Hijrahnya Mentari

Hijrahnya Mentari
Sang Ayah Pergi


__ADS_3

Bab 15


Marah, kesal, kecewa membaur jadi satu dalam hati Tari. Istri mana yang tidak marah dan kecewa melihat tingkah suami seperti ini? Pun Tari yang sudah bela-bela membeli lingerie hanya untuk membuat sang suami berhasrat padanya. Saat itu juga Tari membuka lingerie merah yang dipakai menggantinya dengan piyama.


"Kurang apa aku?" Di dalam kamar, Tari bersimpuh terisak di depan lemari. Kecewanya sungguh luar biasa ketika dirinya tidak dinomor-satukan.


Tidak ingin berlarut disekanya air mata, lalu bangun keluar kamar hendak mengambil air minum di dapur.

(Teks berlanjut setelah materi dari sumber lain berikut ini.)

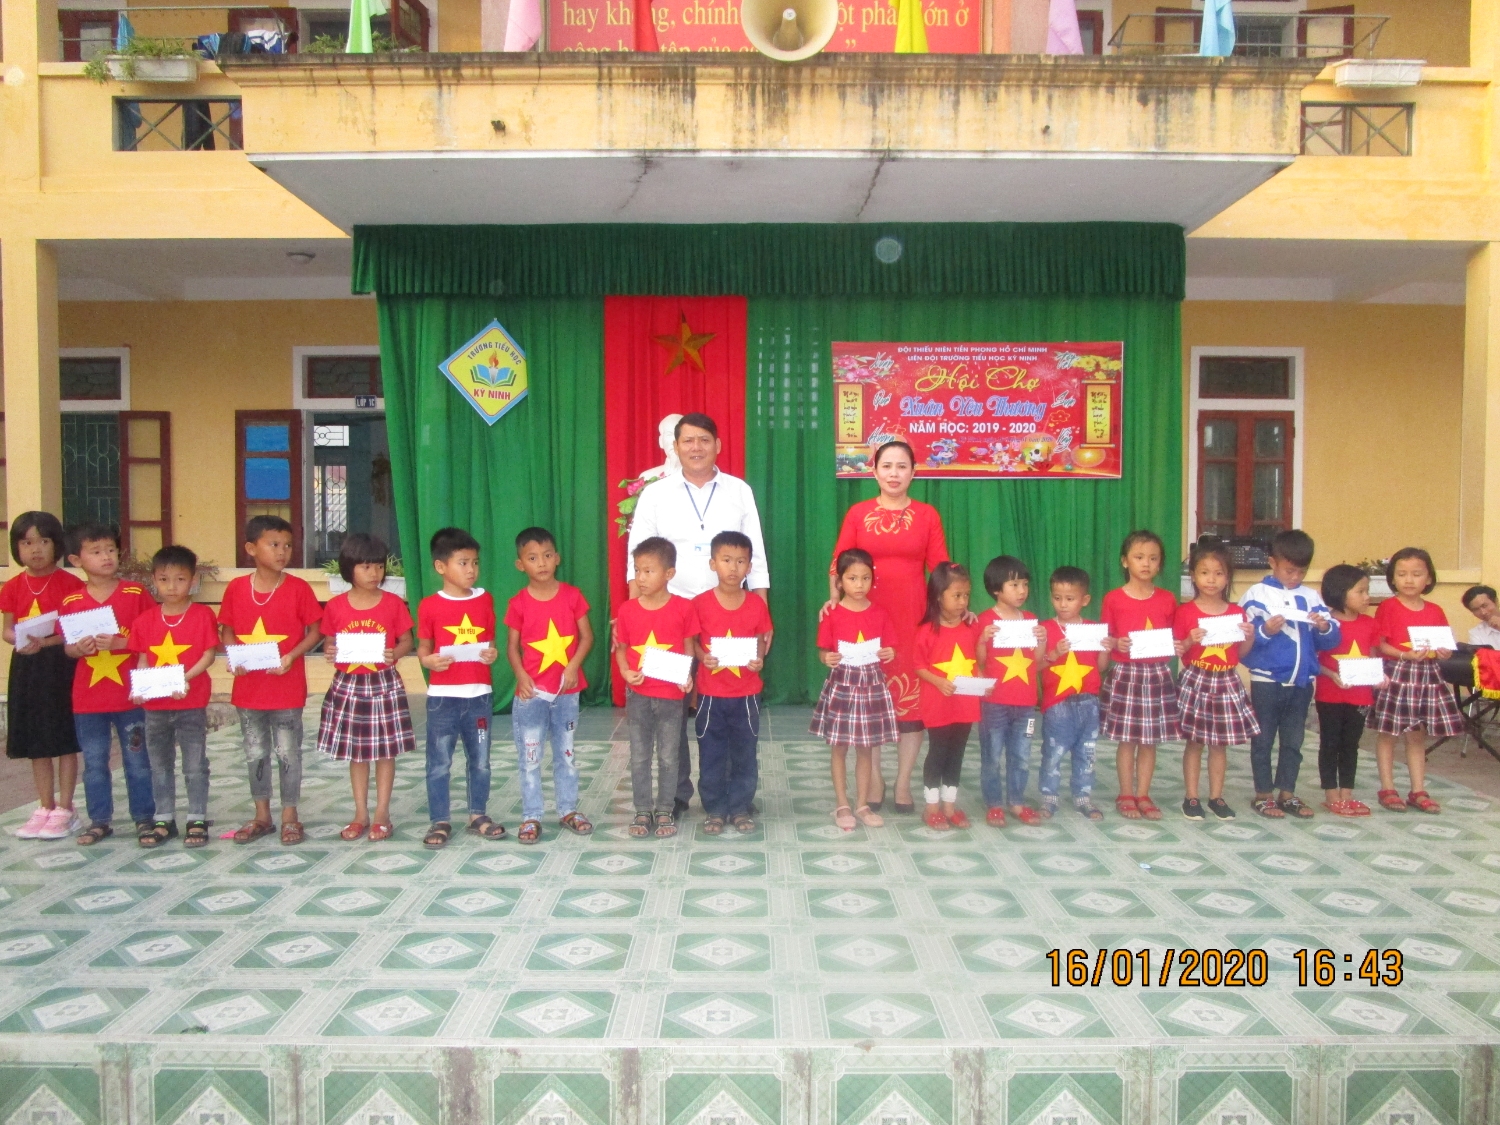 Trường tiểu học Kỳ Ninh tổ chức chương trình: "Xuân ấm yêu thương" cho các em học sinh có hoàn cảnh đặc biệt khó khăn.

Melewati ruang keluarga, tawa girang terdengar saling bersahutan, entah apa yang Yudha dan Randy bahas tampaknya bahagia sekali mereka?


Nyeri menyergap ketika melihat tawa Yudha yang begitu lepas. Semenjak kepergian ibu tidak pernah Yudha sebahagia itu, meskipun Tari selalu berusaha mengiburnya.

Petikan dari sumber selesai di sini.